SIR Malcolm Rifkind’s distinguished parliamentary career came to an ignominious end on Tuesday after the Scottish Tory grandee bowed to pressure and announced he would step down as an MP over “cash for access” allegations.
The decision to not contest his Kensington seat in the May general election brings to a close a 40-year political career that saw him serve as Margaret Thatcher’s Scottish secretary, and John Major’s defence and foreign secretary.
The former Edinburgh Pentlands MP also stood down yesterday as chairman of the powerful intelligence and security committee while the Commons standards watchdog investigates an undercover sting in which Sir Malcolm is seen offering his services to a fictitious Chinese company.
In recordings from the Daily Telegraph/Channel Four Dispatches operation – which also targeted former Labour foreign secretary Jack Straw – Sir Malcolm is seen describing himself as “self-employed”, saying “nobody pays me a salary”, appearing to overlook his £67,000 a year MP’s salary. He is said to have asked for a fee of somewhere between £5,000 and £8,000 in return for his services.
He later claimed in an interview that somebody with his “business background” was entitled to earn more.
In the Dispatches revelations, he added that people would be “surprised” at how much spare time he had.
In a statement yesterday, Sir Malcolm remained unapologetic about his comments to the programme. He said: “None of the current controversy with which I am associated is relevant to my work as chairman of the intelligence and security committee of parliament.
“However, I have informed my colleagues that, while I will remain a member of the committee, I will step down from the chairmanship.

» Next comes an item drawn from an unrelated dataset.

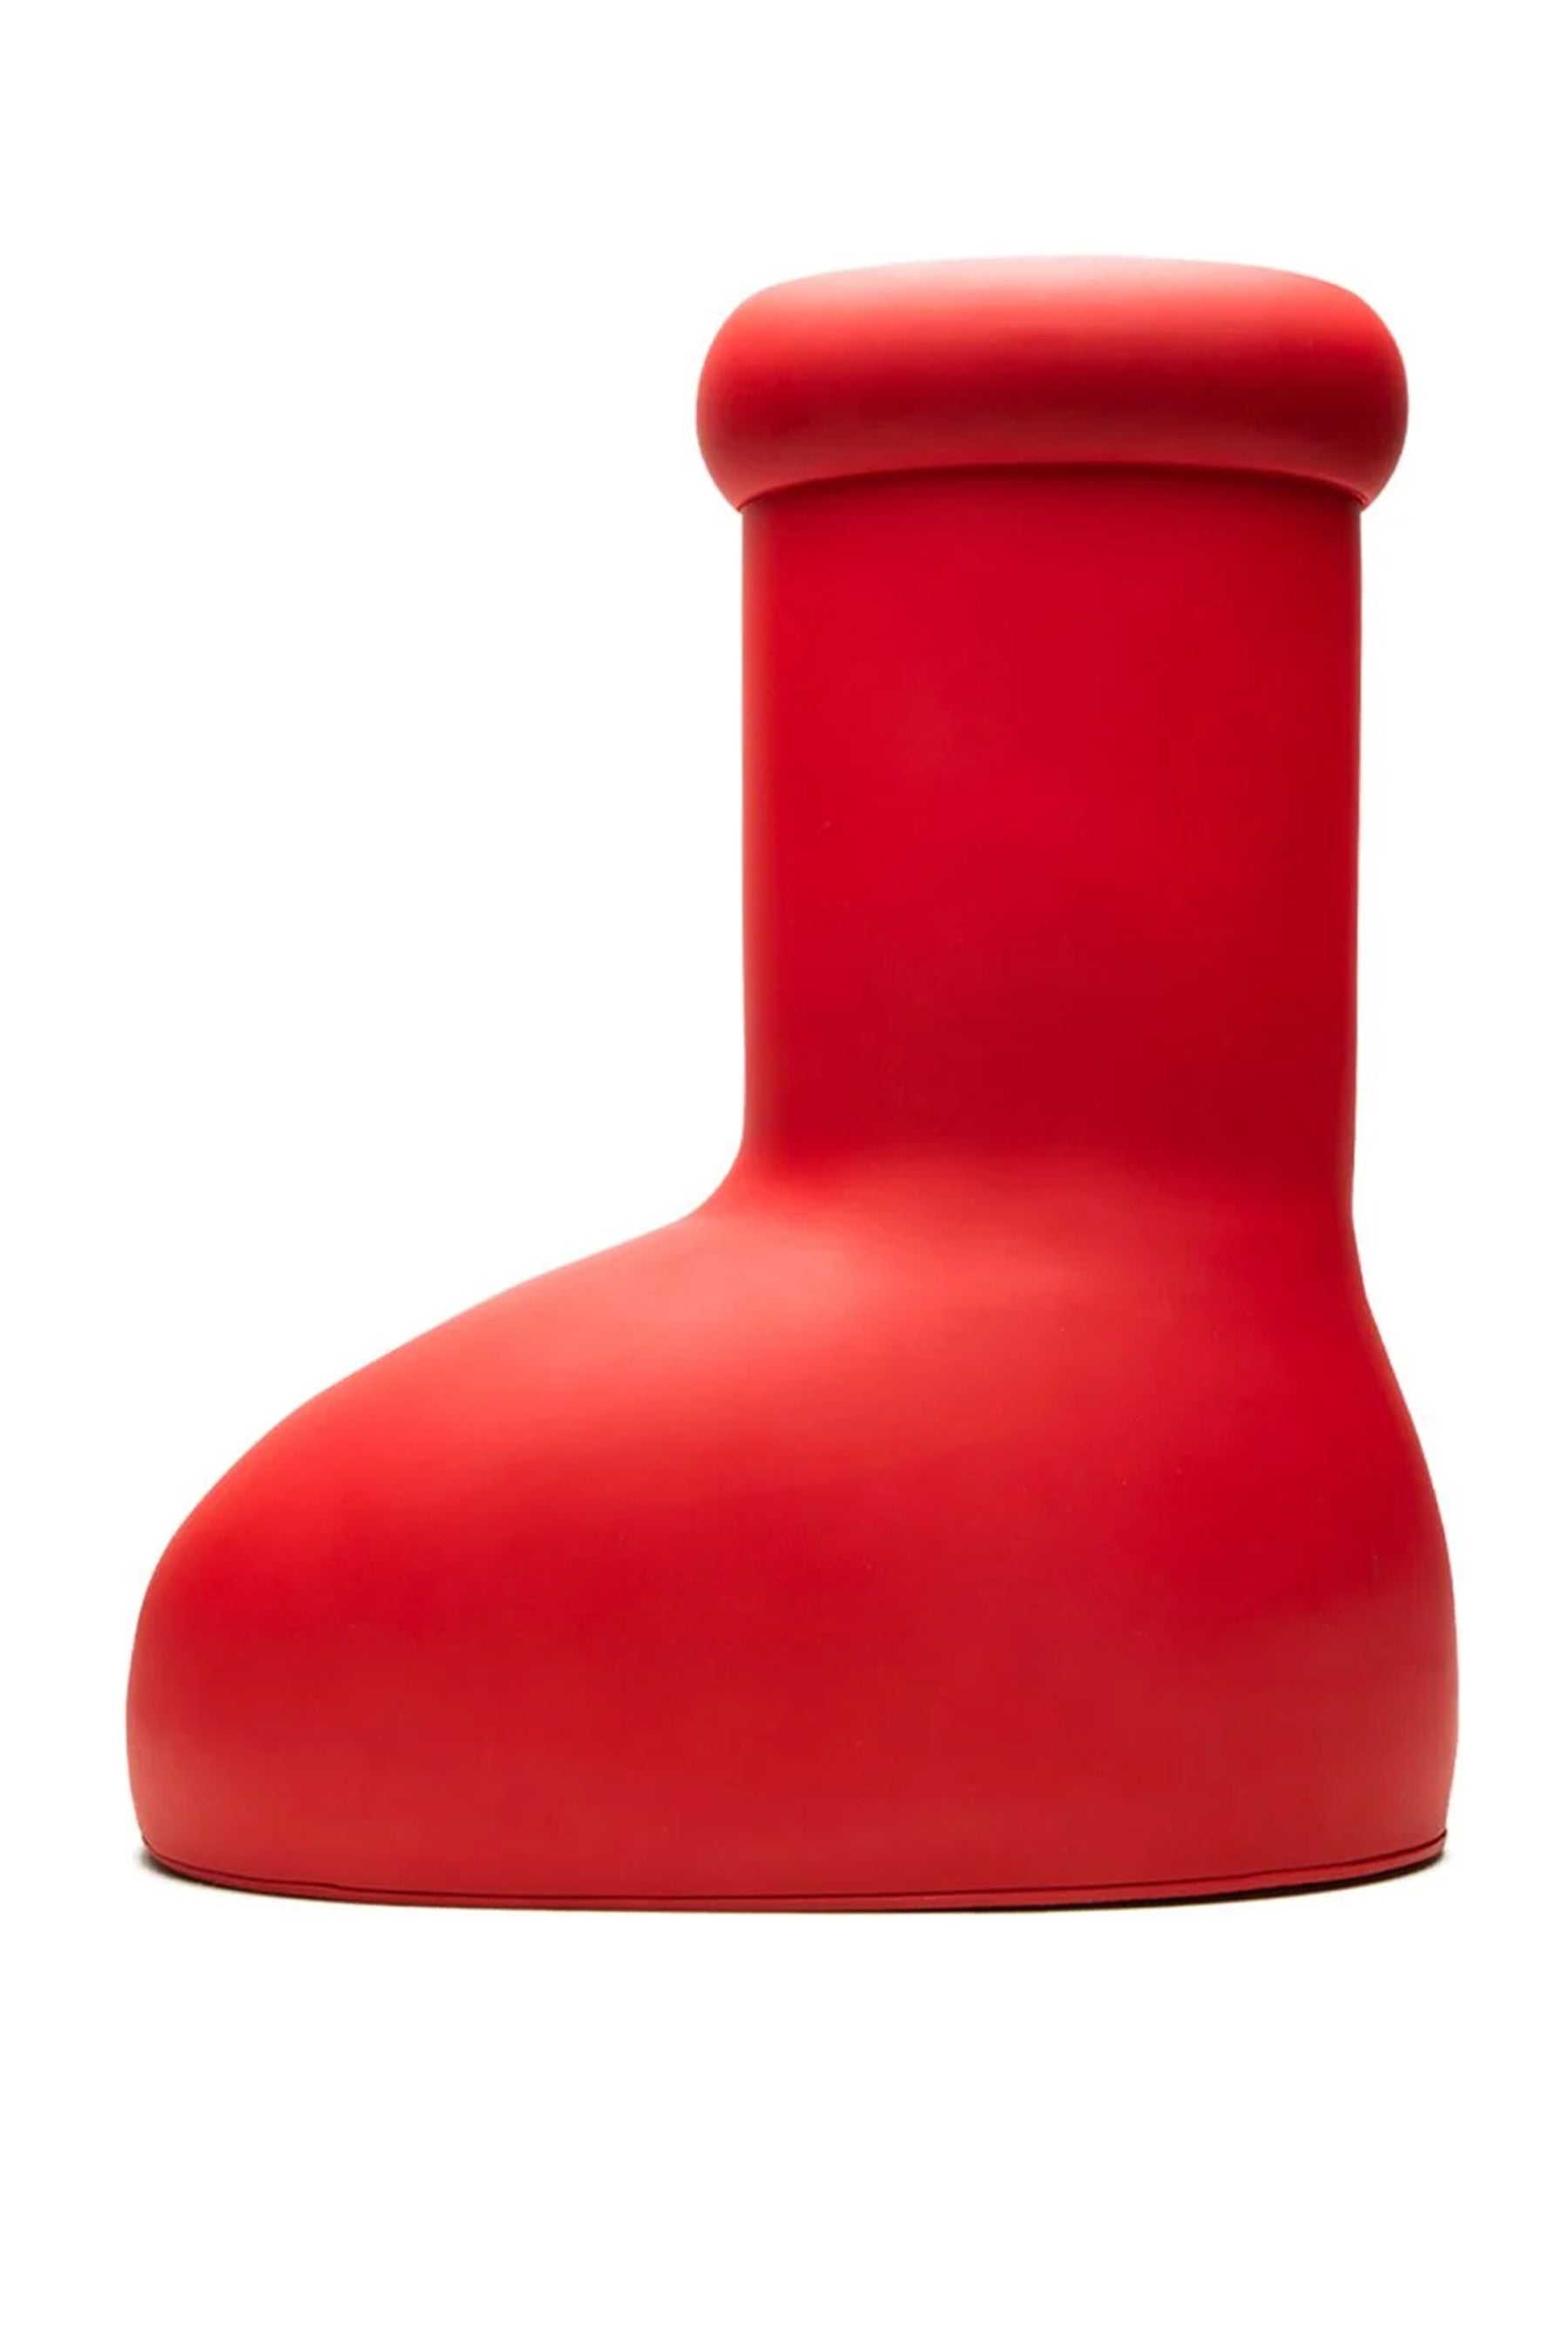 MSCHF Big Red Boot Shoes - Size 11 - Red / Red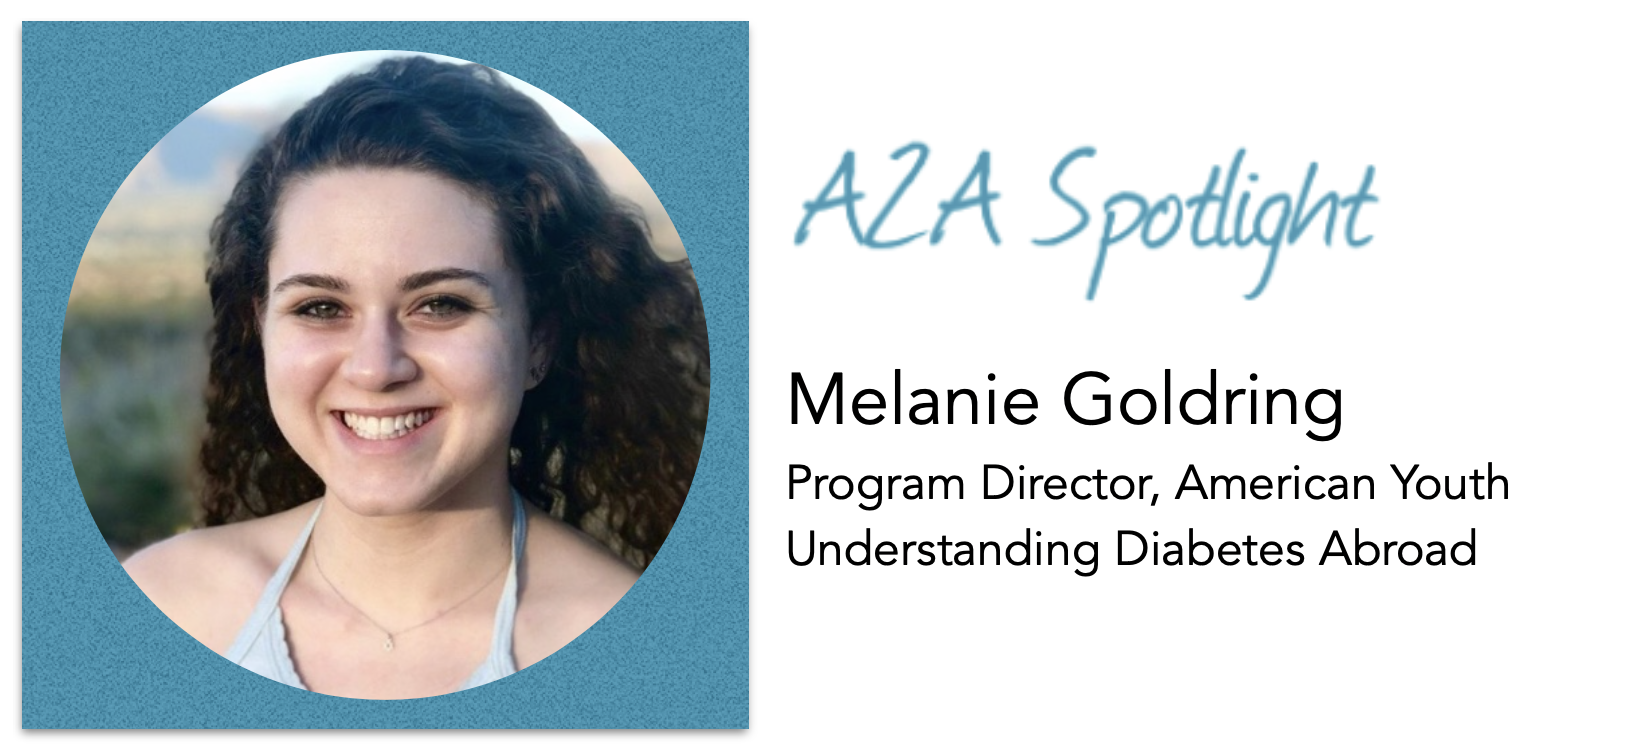 Melanie Goldring Helps Empower Young Diabetics Across The World

“The committee is due to be dissolved in little over a month with the prorogation of parliament for the forthcoming general election. The main substantive work which needs to be completed will be the publication of our privacy and security report during March. I do not want the work of the committee and the publication of the report to be, in any way, distracted or affected by controversy as to my personal position. I have concluded, therefore, that it is better that this important work should be presided over by a new chairman.”
He insisted that that he had not come under pressure from Downing Street to step down and that it was “entirely a personal decision”.
He also hit out at the Telegraph and Channel Four’s allegations as being “contemptible” and vowed to “continue in public and political life” outside parliament.
However, his decision to quit parliament does not mean he will escape punishment if he and Mr Straw have broken the rules. Commons Speaker John Bercow said the two MPs would “cop it” if it was proven they broke the rules.
He said: “They are both highly intelligent, highly capable, highly experienced people. It may well be that errors of judgment have been made. If that is so, then they will cop it, they will face the music, they will suffer a penalty as a result.
“People should be in parliament to represent their constituents and to stand up for principles and policies dear to them.
“People should not be in parliament to add to their personal fortune,” Mr Bercow said.
Kathryn Hudson, Parliamentary Commissioner for Standards, warned that any investigation would take until after the general election to complete, pointing out that in similar previous inquiries it had taken up to five weeks to get hold of full transcripts from broadcasters.
“Any investigation will inevitably continue into the next parliament. The committee on standards has agreed that any memorandum will be submitted to its successor committee on completion,” she said in a joint statement with Labour’s Kevin Barron, who chairs the committee on standards.
Committee member Sir Menzies Campbell said Sir Malcolm had done the right thing by standing down.
Former Lib Dem leader Sir Menzies said: “As someone who has served alongside Malcolm Rifkind, I have no hesitation in saying that he has been an outstanding chairman of the intelligence and security committee.
“Many of the recent reforms to the committee, which have led to it having greater powers, are directly the result of his personal analysis of what was required to increase the accountability of the intelligence services.
“He has done the right thing in resigning, but the House of Commons will be the worse for the absence of his perceptive and always well-informed contributions on foreign affairs.”
Kim Howells, Sir Malcolm’s Labour predecessor as the intelligence and security committee chairman, said: “It is such a shame because he has had a very distinguished parliamentary career and to end it in this way is awful.”
The Prime Minister’s official spokesman said Mr Cameron “respects and supports” Sir Malcolm’s decision to quit both the Commons and the ISC chair.